====== DATA ======
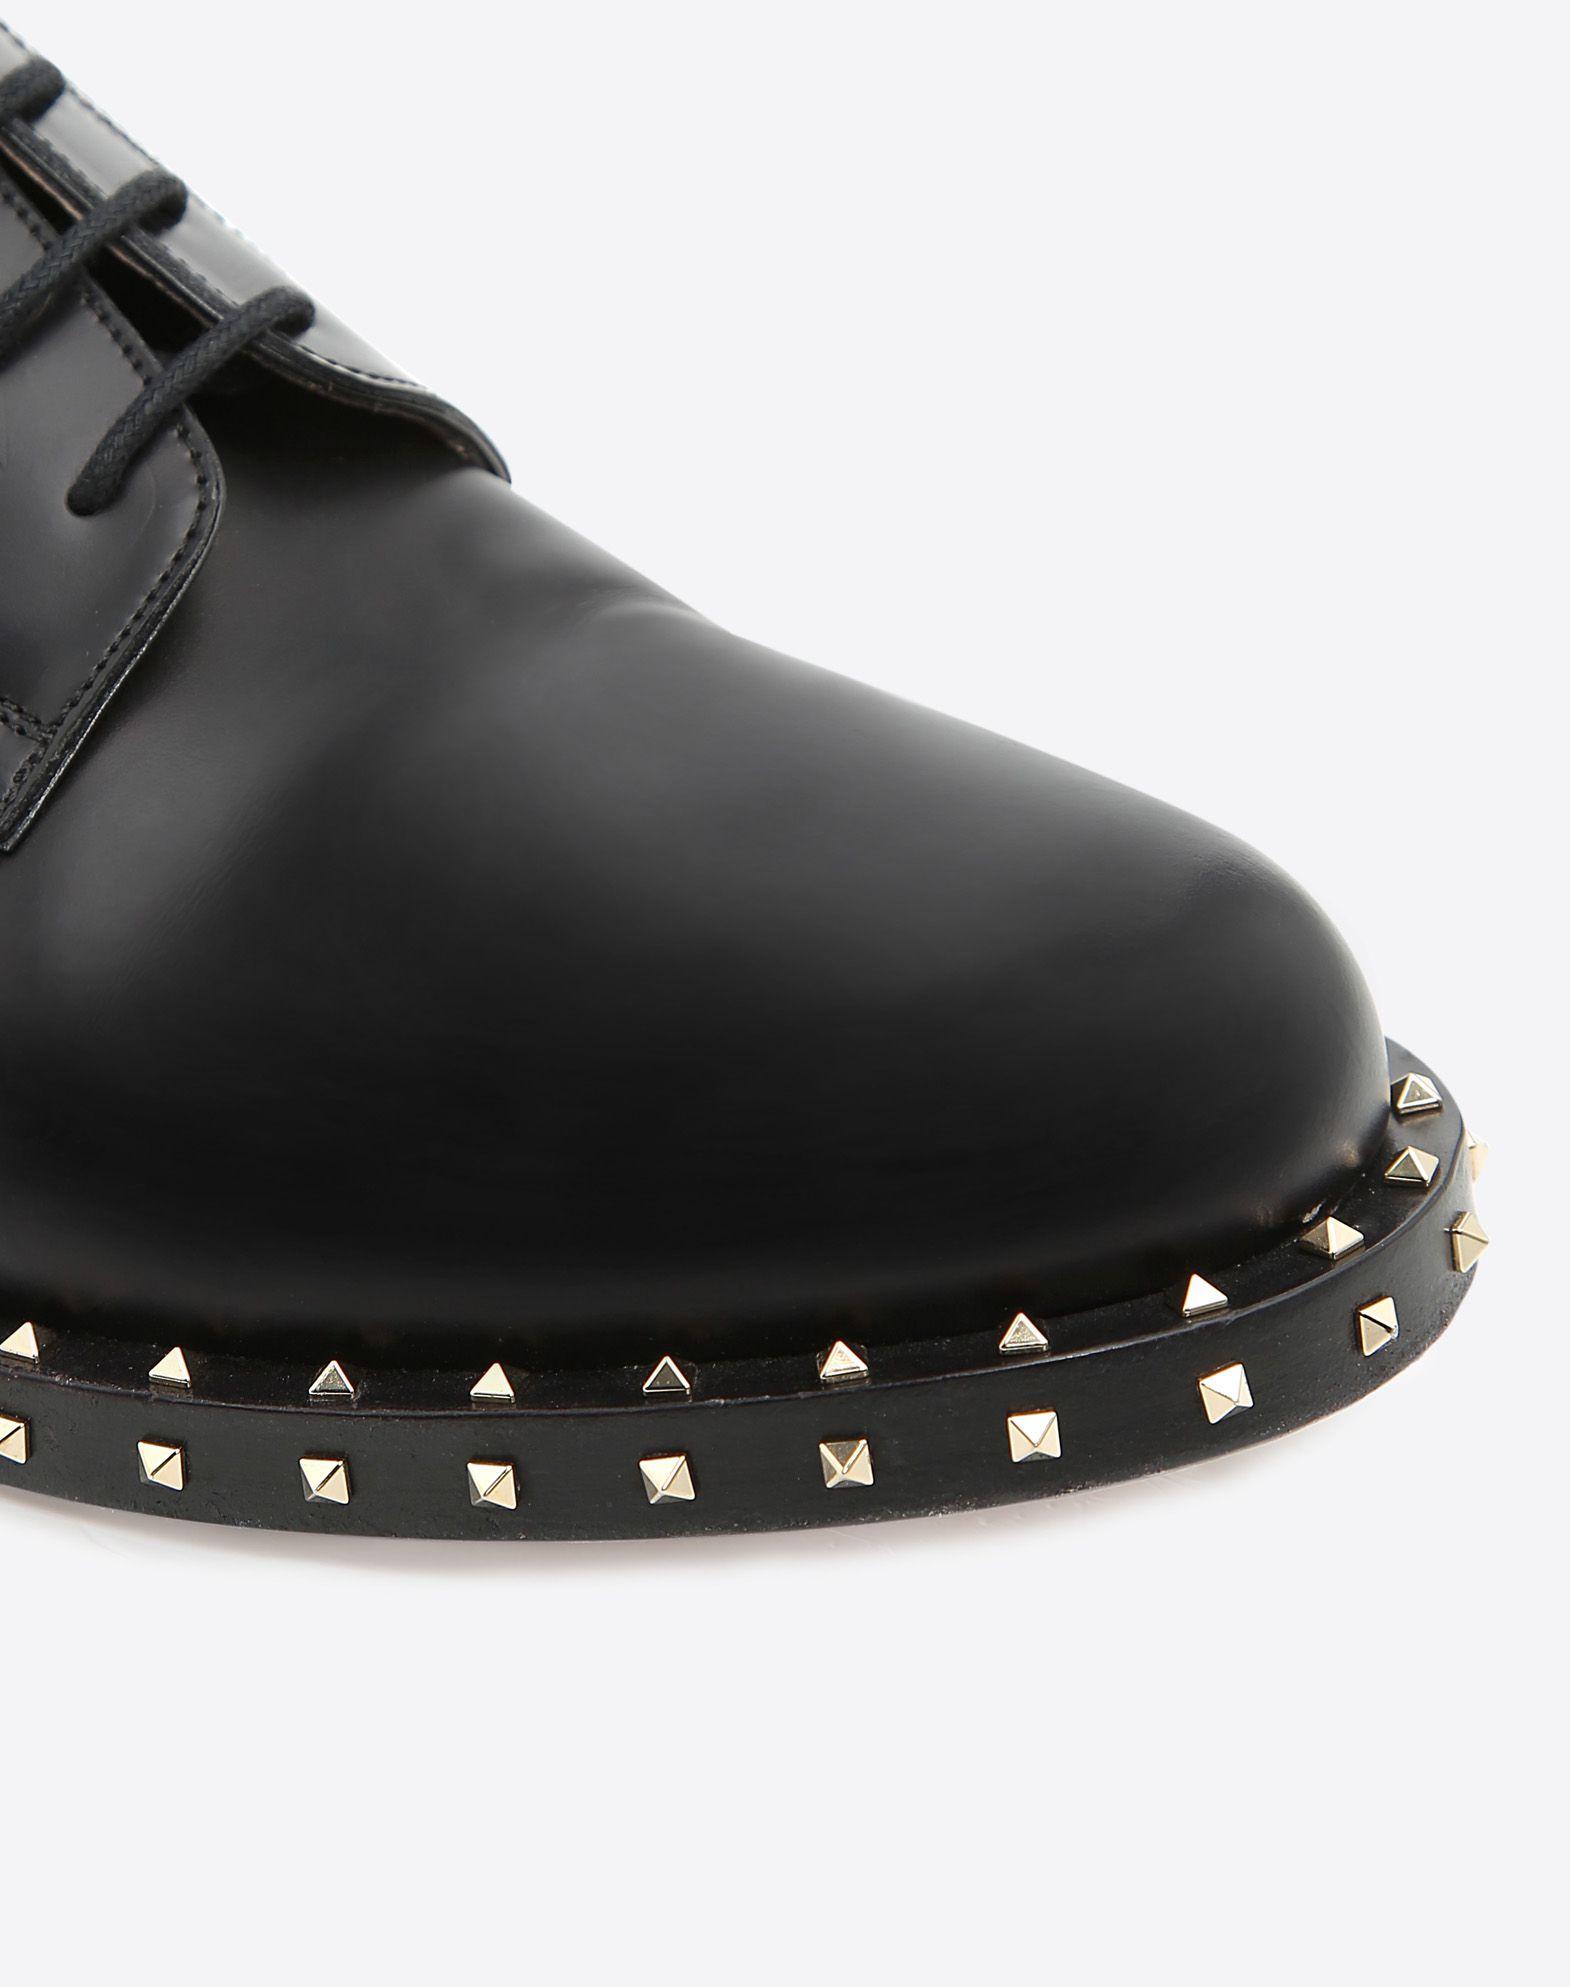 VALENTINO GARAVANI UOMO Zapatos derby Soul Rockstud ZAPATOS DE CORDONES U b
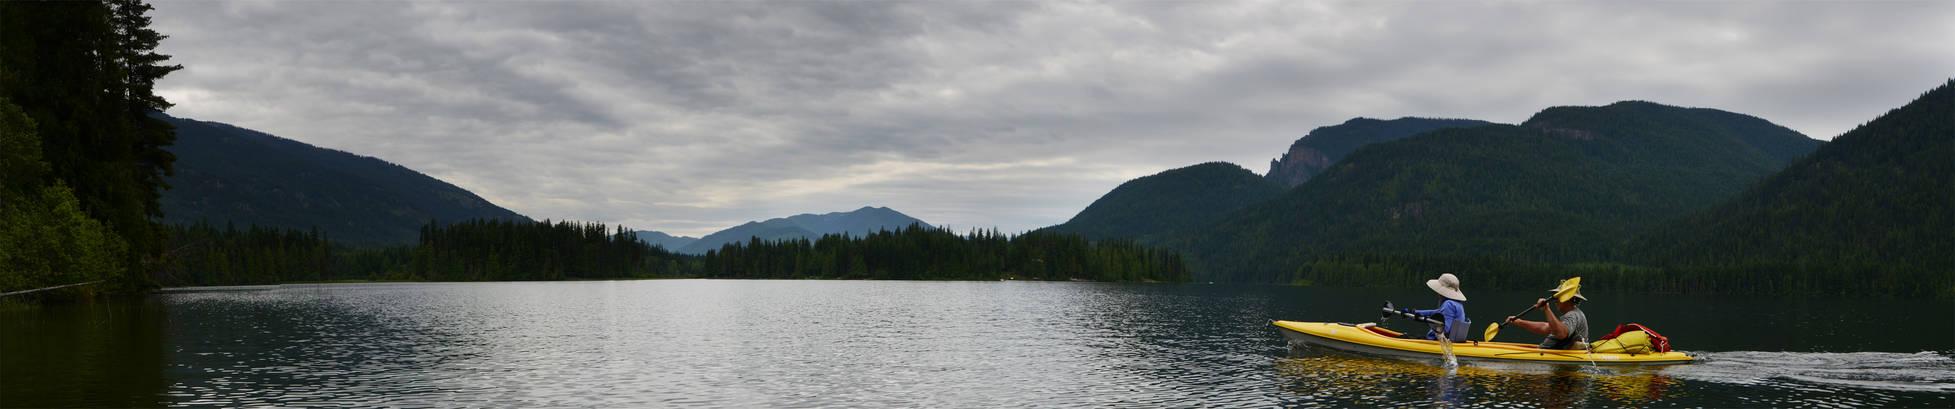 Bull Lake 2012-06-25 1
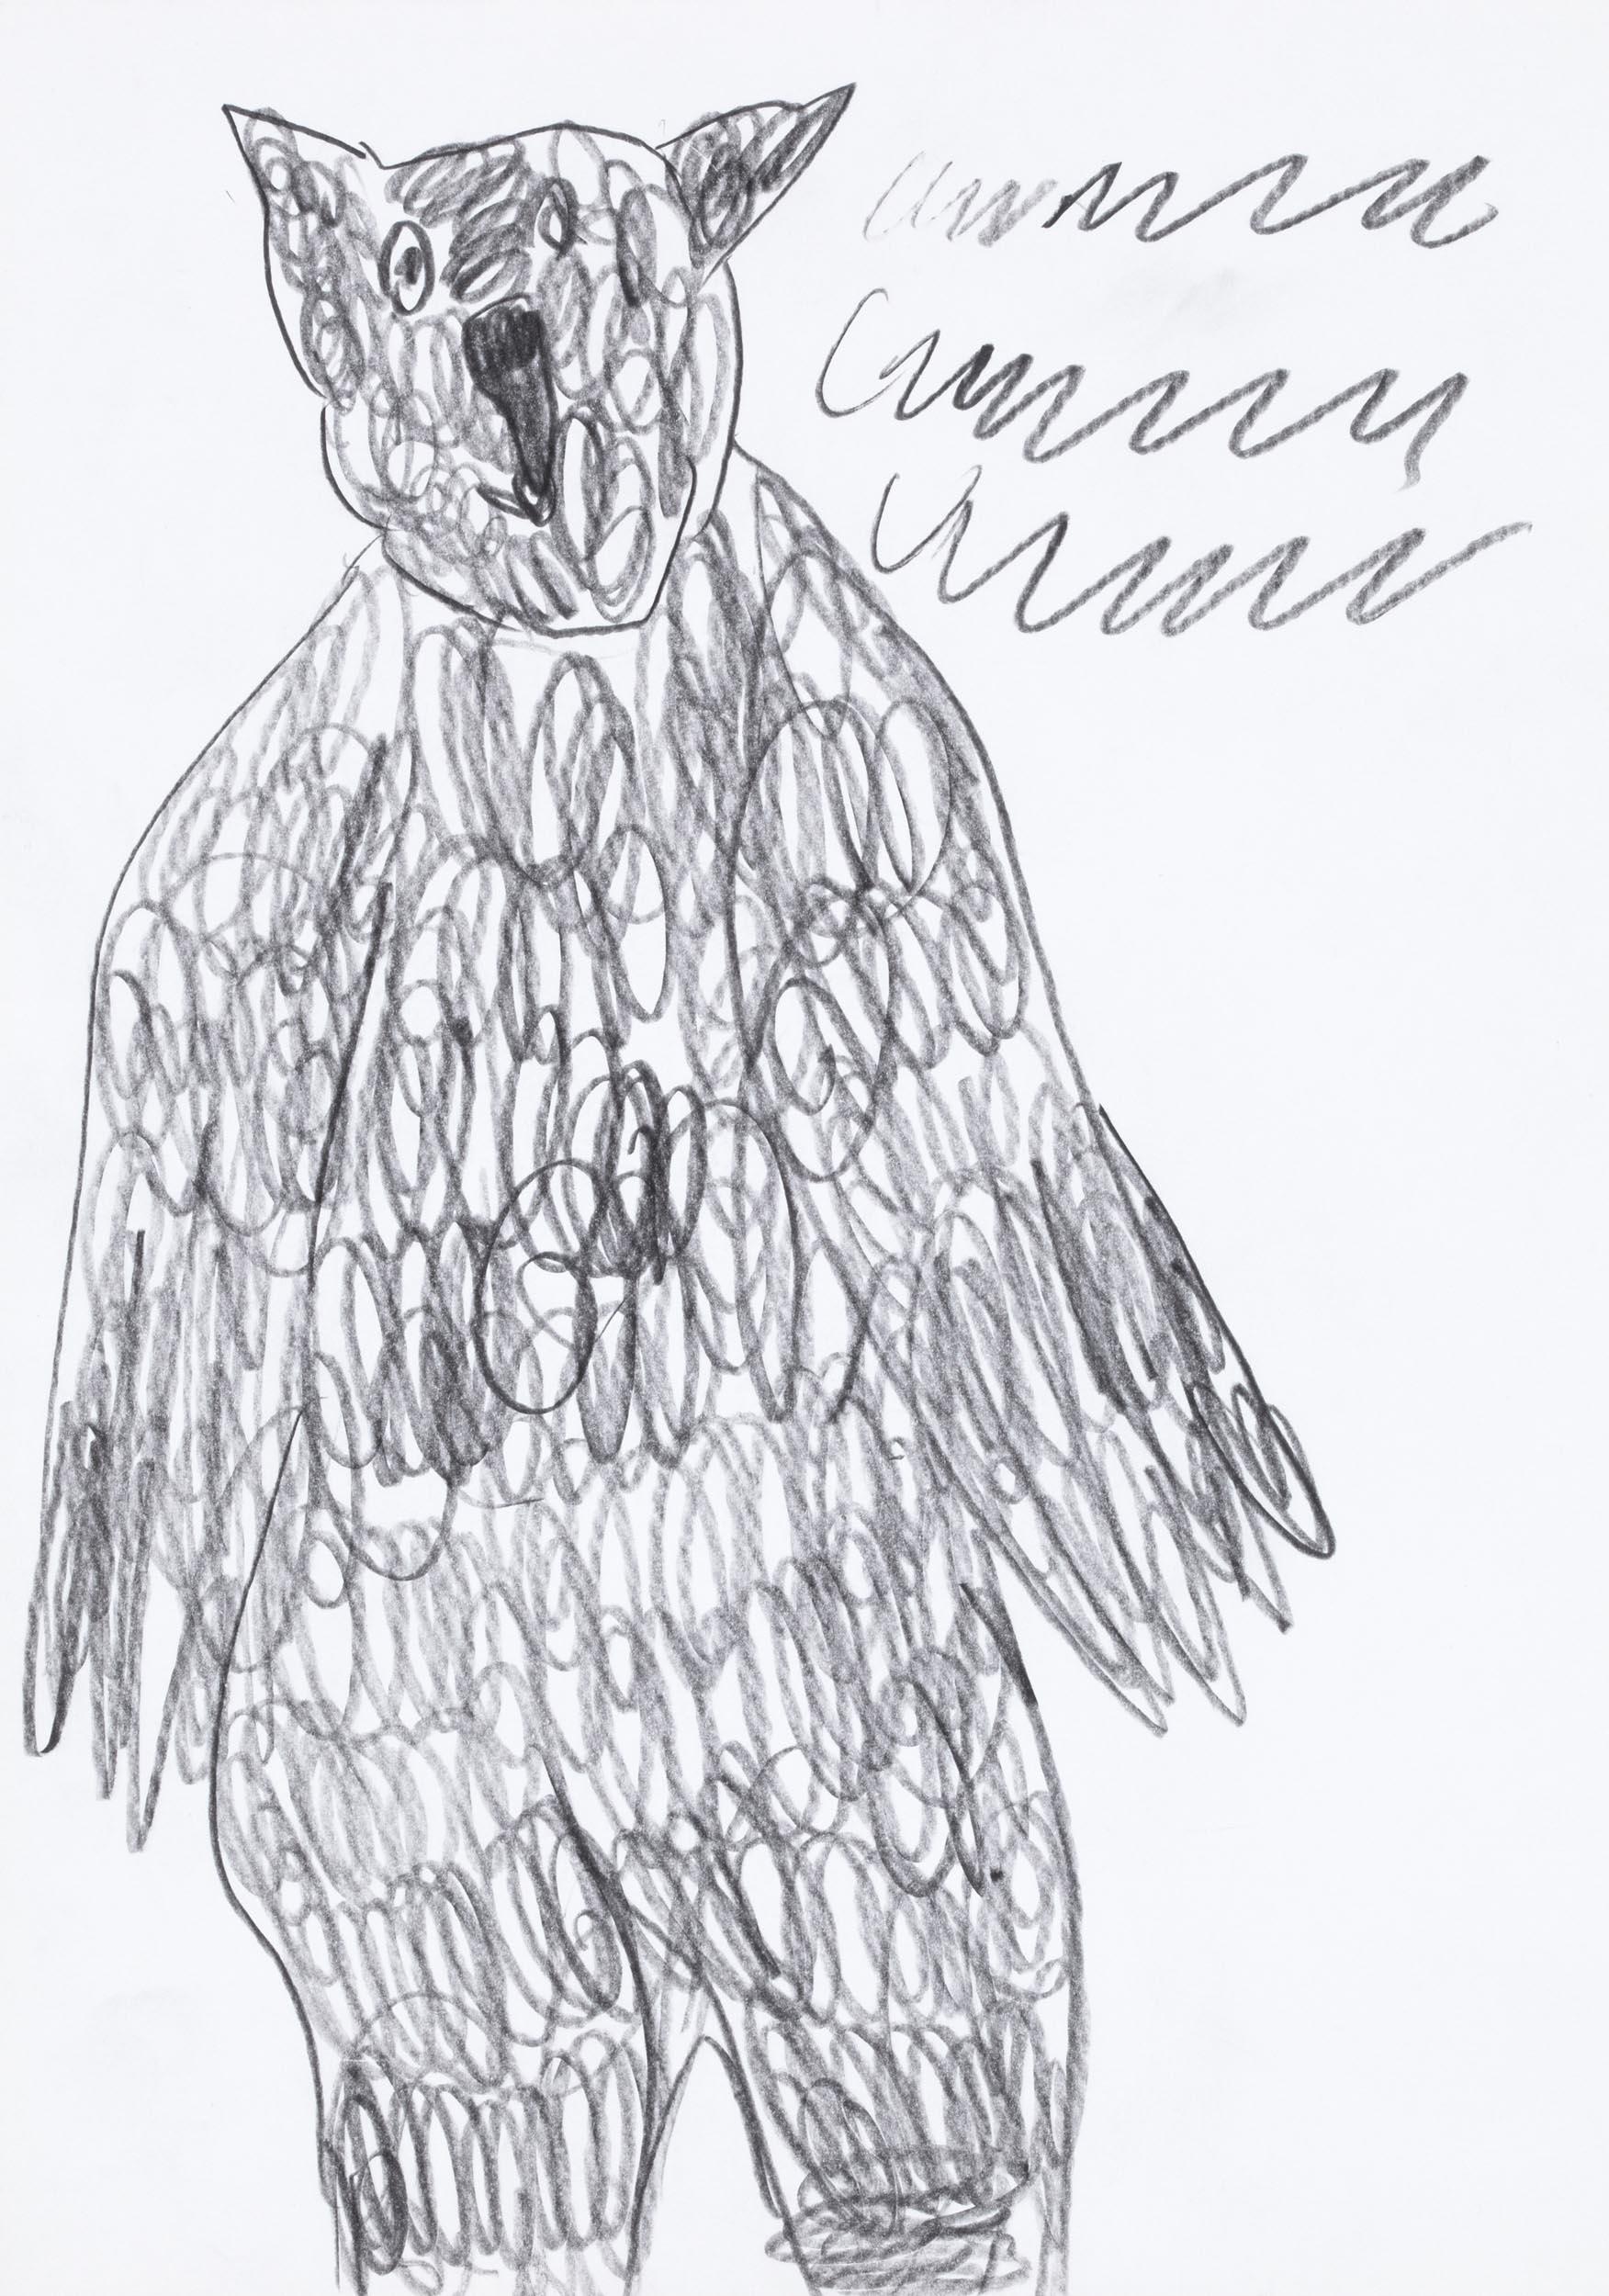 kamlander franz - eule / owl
======
▶ [PROBLEM REQUIREMENTS] Take the data above and set it down exactly, images excluded.

▶ [ANSWER AREA]
 VALENTINO GARAVANI UOMO Zapatos derby Soul Rockstud ZAPATOS DE CORDONES U b
 Bull Lake 2012-06-25 1
 kamlander franz - eule / owl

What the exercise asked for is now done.